The safe-haven greenback keeps climbing north amid risk aversion
Increased tensions between Ukraine and Russia sent Wall Street stocks lower ahead of the weekend amid widespread risk aversion after Washington said that it was possible that Russian invasion could take place in the coming days. Ukraine-related headlines made investors proceed to a sell-off following mostly flat trading earlier in the session. As such, the tech-heavy Nasdaq Composite fell 2.78%, the S&P 500 dropped 1.9%, and the Dow Jones Industrial Average tumbled 1.43%.
Today in Asia, equities were mostly lower as risk sentiment stayed downbeat at the start of a new trading week amid persisting concern about a possible Russian invasion of Ukraine. The Nikkei 225 in Tokyo fell 2.23% and the Hang Seng in Hong Kong lost 1.41%. The Kospi in Seoul retreated 1.57% while China’s Shanghai Composite Index shed nearly 1%. MSCI’s broadest index of Asia-Pacific shares outside Japan gave up 1.4%.
Similarly, European stocks opened sharply lower on Monday, as market players continued to track tensions in Ukraine despite the Kremlin denying any intention to invade its neighbor. In individual stocks, Swiss chemicals company Clariant fell more than 15% in early trade after delaying its earnings report, citing an investigation into whistleblower allegations about its accounting practices.

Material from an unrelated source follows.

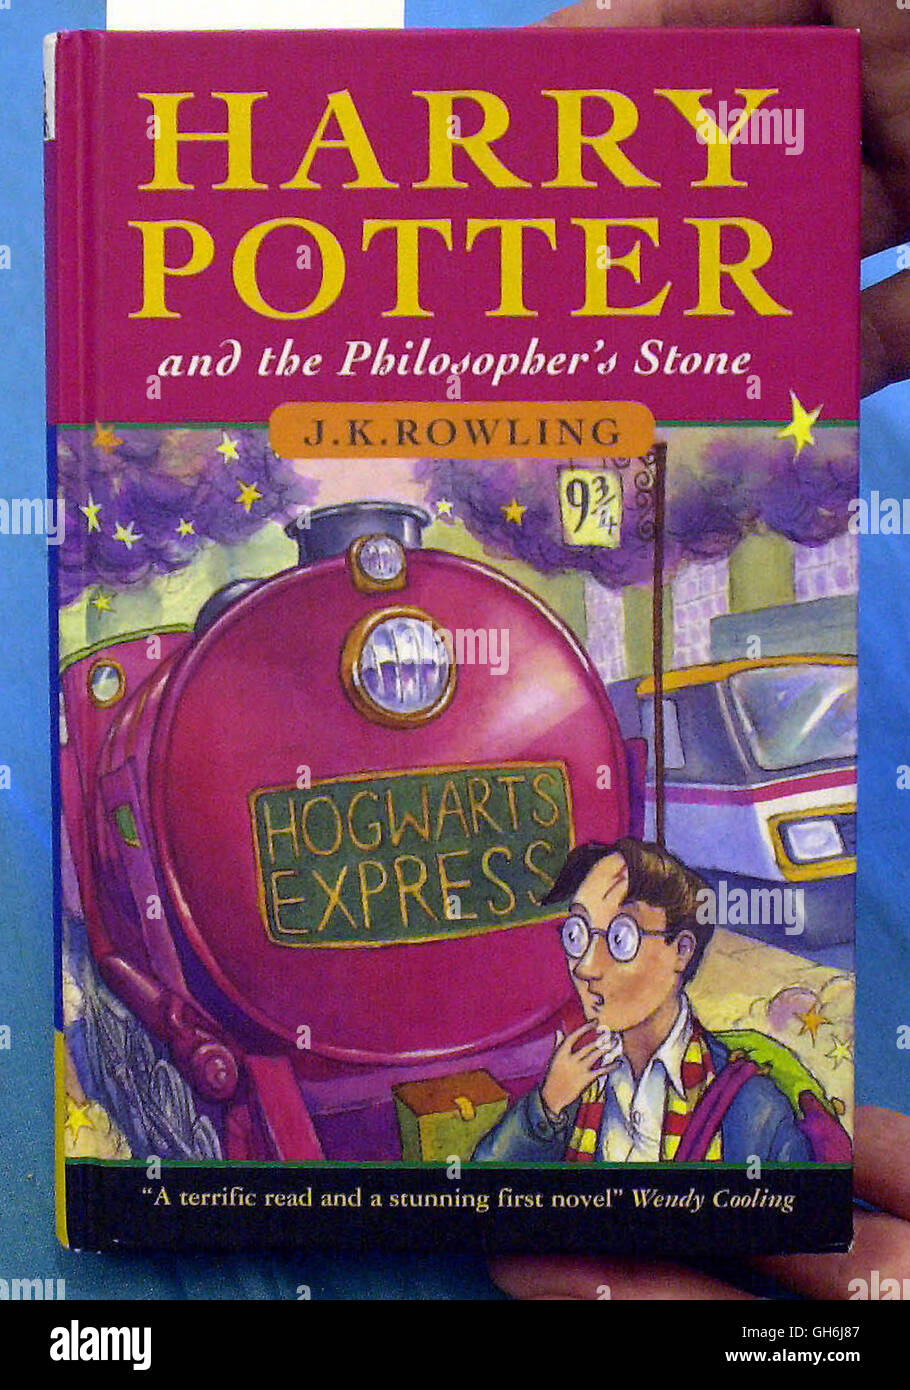 File foto datata 14/11/2000 di una prima edizione di Harry Potter e la pietra filosofale come la British Library ha annunciato una nuova mostra su Harry Potter. Foto Stock

In currencies, the safe-haven dollar keeps climbing north amid risk aversion. The USD index regained the 96.00 figure to extend gains to early-February highs around 96.30. As such, EURUSD retreated from last week’s peaks around 1.1500 and was last seen changing hands in the 1.1300 area. In the process, the pair derailed the 20-DMA. Should the 1.1300 level turn into resistance anytime soon, additional losses could lie ahead. The next support now arrives at 1.1270, followed by the 1.1230 region.